Чтение онлайн

ЖАНРЫ

Шрифт:

Он впервые ощущал так остро и болезненно свой возраст, и его мучила ревность, когда он опять и опять видел, как играет она, прыгает, приседает, падает и бежит за скачущим мячом, чтобы снова ударить по нему и в азарте ждать, когда этот летающий, мечущийся мяч помчится в ее сторону.

— Я поиграю? —спрашивала она всякий раз, когда видела мяч в руках какого-нибудь великана.

— Не надоело?

— Что ты! Я, кажется, всю жизнь играла бы! Пойдем! Ничего, научишься. Где ж еще учиться?

Но он шел в море, забирался там на камень и, просыхая, согреваясь на солнце, слыша, как стучит далеко сзади волейбольный хоровод, смотрел в искрящуюся серость моря...

Он забывался в блаженном парении,

и лишь изредка какое-то горделивое чувство заставляло его отвлечься от созерцания, спуститься на землю, увидеть близкий берег и бегущую к нему в брызгах по отмели разгоряченную женщину, в которую переселилось теперь его будущее.

Иногда он думал о ребенке, который может родиться у нее, и душа его истекала нежностью к этому возможному и желанному сыну или дочери. Чувство это было похоже на какую-то сладкую тоску, какую испытывают, наверное, только деды к своим внукам.

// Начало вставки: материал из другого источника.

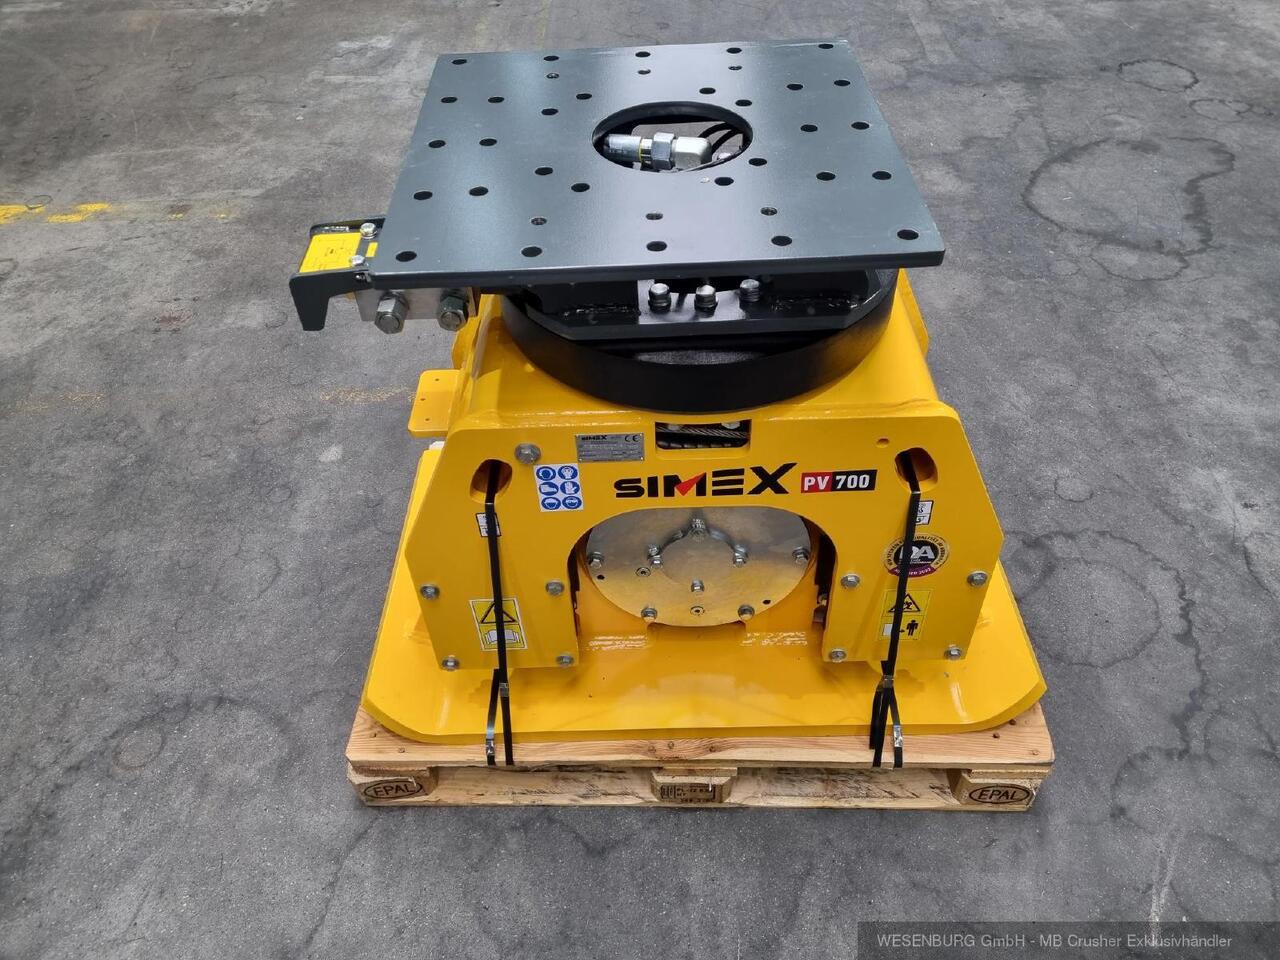 New Attachment, Plate compactor for Excavator Simex Anbauverdichter PV700 inkl. Drehwerk Anbauklasse 12 - 25 t: picture 7
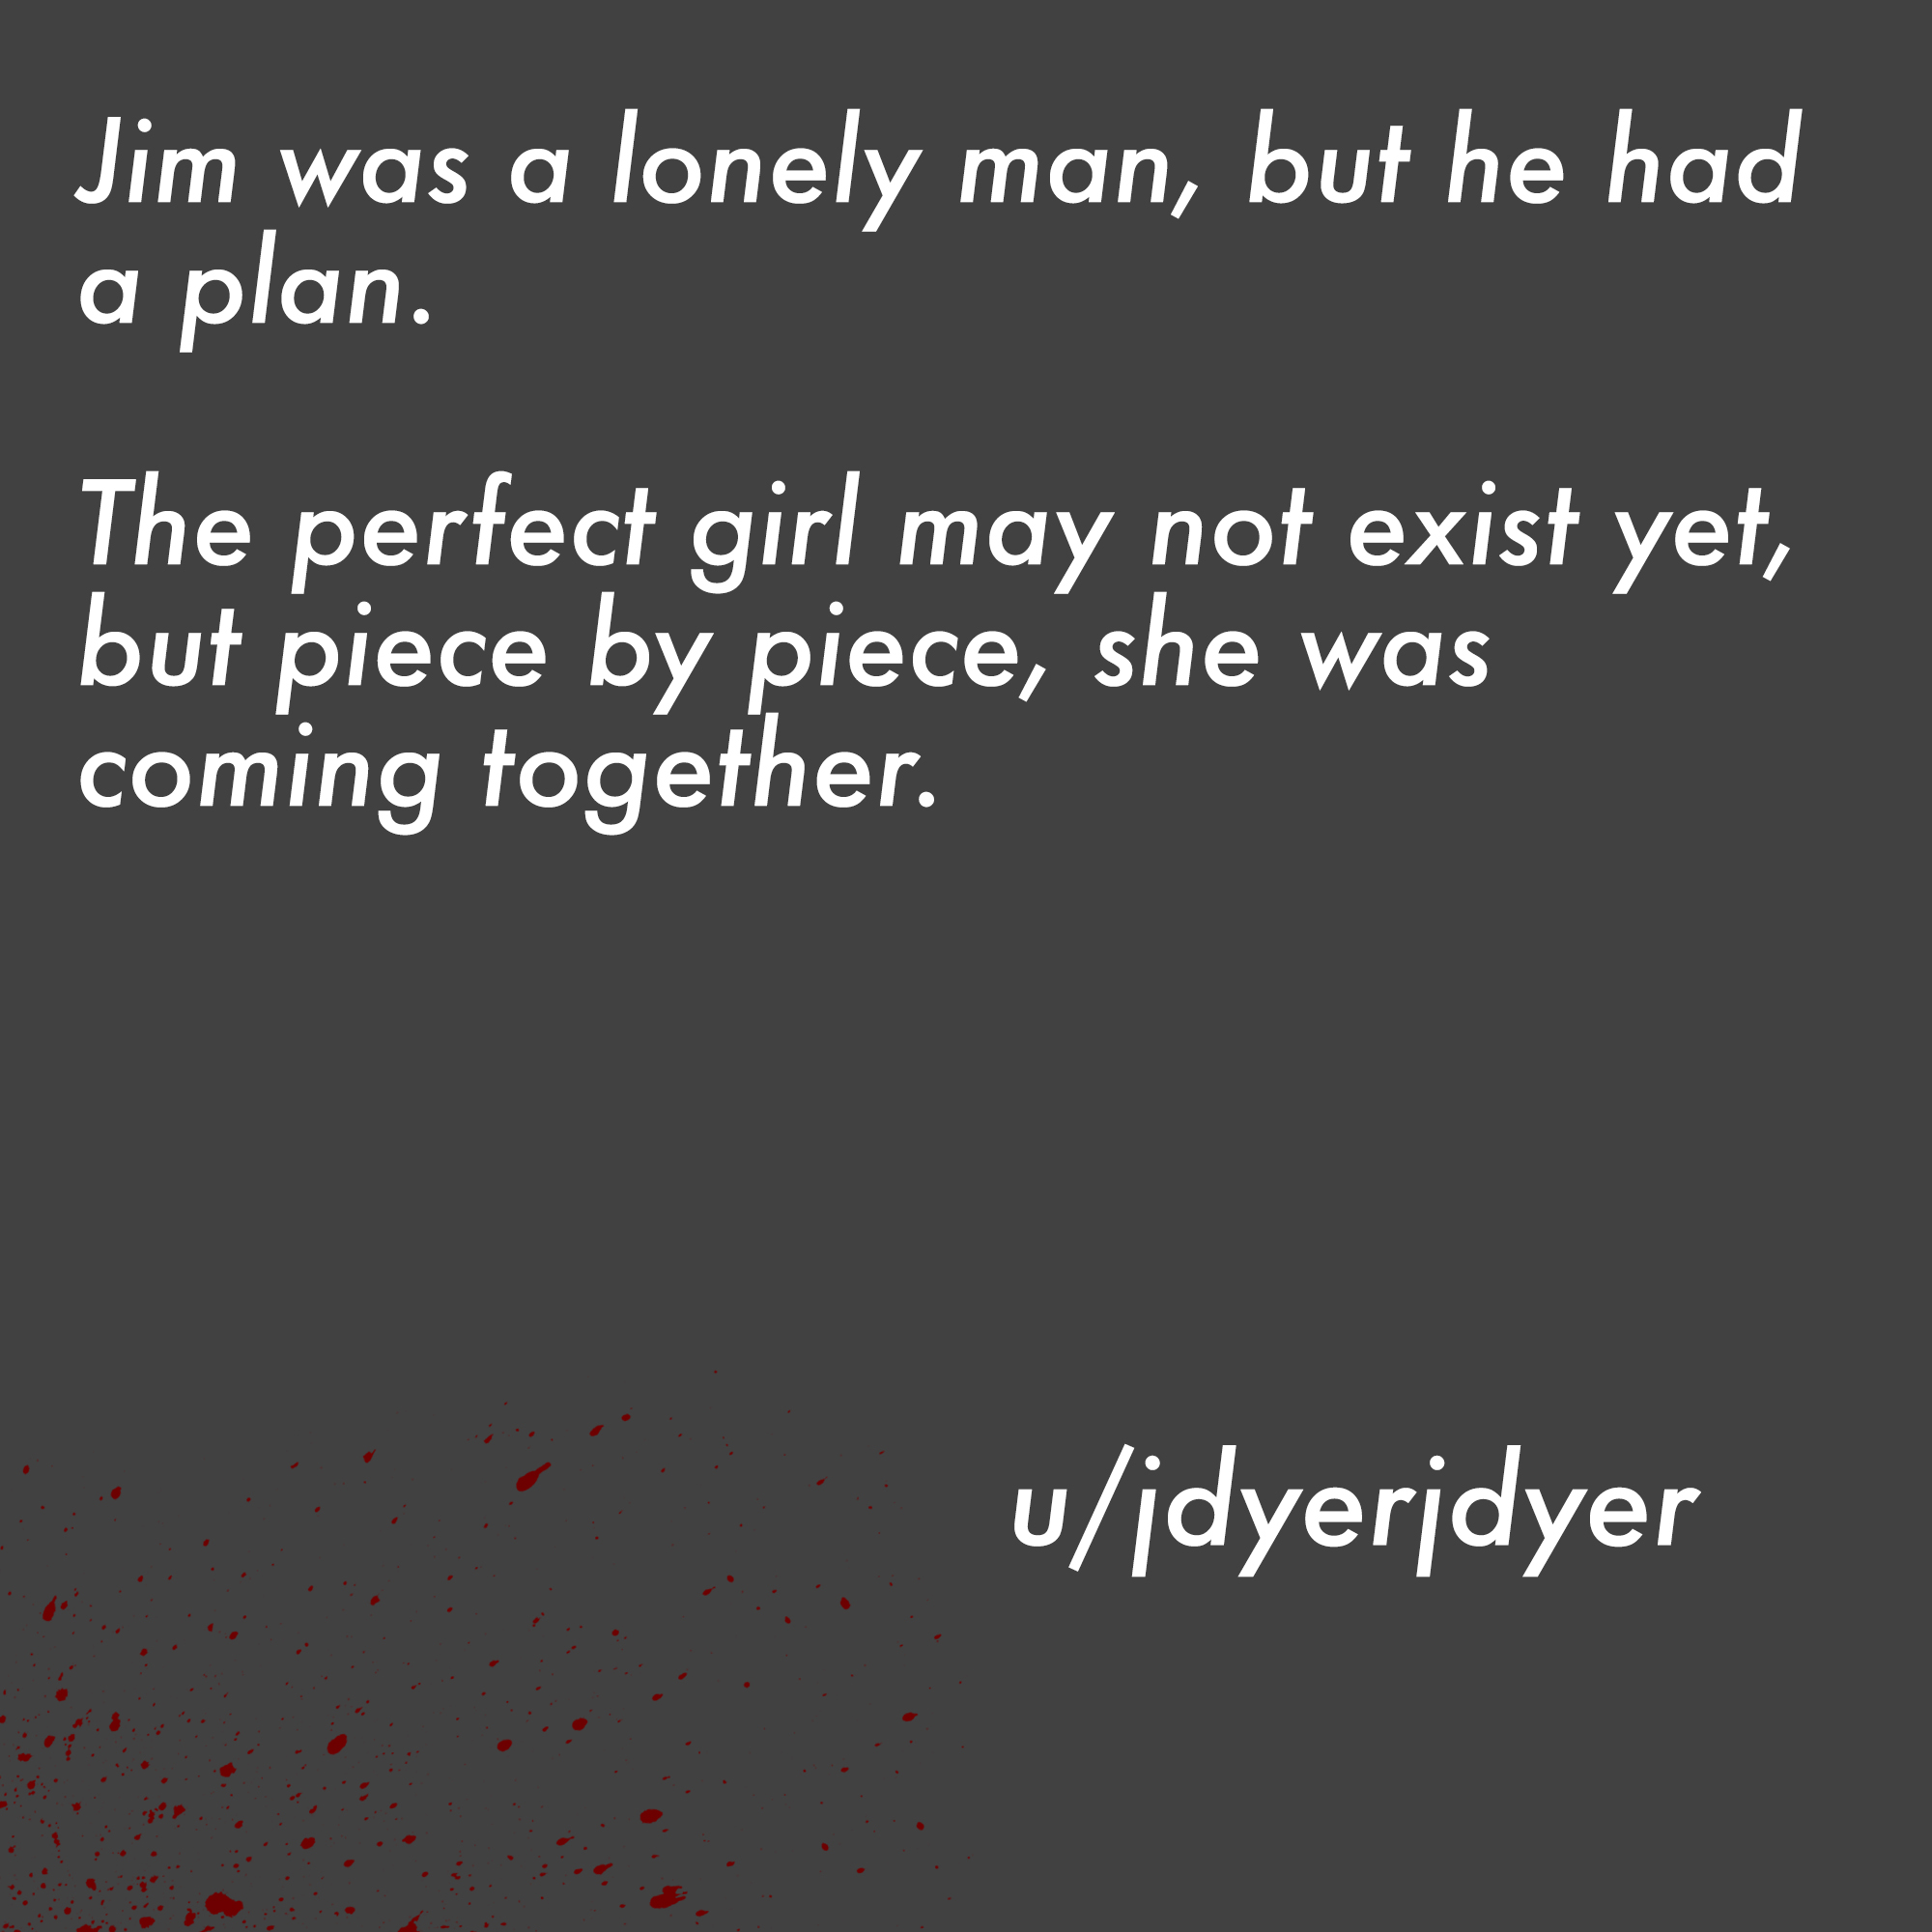 two line horror stories - angle - Jim was a lonely man, but he had a plan. The perfect girl may not exist yet, but piece by piece, she was coming together. uidyeridyer

Но он не понимал этого и хотел быть отцом, забывая о взрослых своих сыновьях, словно бы их и не было никогда.

Однажды после волейбола и долгого купания, когда она так далеко заплыла, что он не на шутку стал беспокоиться, утомленная и озябшая, с синими губами, она упала рядом с ним на горячий матрас и, тяжело дыша, сказала с загнанной улыбкой:

— Все-таки хорошие ребята эти эстонцы.

— Да, мне тоже нравятся, — с неохотой согласился он. — Особенно нравится молодое семейство, из соседней палатки, с мальчиком, с Валтоном этим. Ты заметила, кстати, у женщин и у мужчин, у молодых совсем, есть одна особенность в телосложении... Это может нравиться или нет, мне, например, нравится... Какая-то очень прочная заземленность в фигуре. Ты обрати внимание, они, как эти сосны, вцепившиеся в песок, словно бы тоже рождены в борьбе с ветром. Эстонка идет по земле легко, но в поступи ее такая уверенность, прочность и твердость... У большинства, ты заметь, тяжелая стопа, все почти монументальны: тяжелые, длинные, упругие ноги, словно бы ваятель их специально удлинил и утолщил, словно на высочайший постамент... Они очень скульптурны, верно? А как тебе нравится наш сосед Валтон? Голыш этот... Тебе бы хотелось иметь такого?

Она лежала на животе, отвернувшись лицом от Краскова, то ли слушая, то ли не слушая его, и лишь вкрадчиво тихий этот вопрос как будто хлыстом ударил ее, и она вздрогнула, приподнялась на локтях... Удивление и страх мелькнули в ее быстром взгляде и мгновенно сменились каким-то насмешливо-изумленным интересом, незнакомым Краскову, и, протянув к нему свободную руку, стала задумчиво перебирать серые его, посветлевшие за эти дни, густые и жесткие волосы, оттененные загорелым лицом.

Сочувствующая улыбочка играла на ее губах, брови ее чуть заметно вздрагивали, точно недавнее изумление все еще жило в ней, готовое в любое мгновение отобразиться на лице.

— Угу, — чуть слышно ответила вдруг она и согласно прикрыла глаза.

— А ты знаешь, — говорил ей по многу раз в день Красков, словно хотел сообщить ей радостную новость, — я, оказывается, очень тебя люблю. Только сейчас это понял.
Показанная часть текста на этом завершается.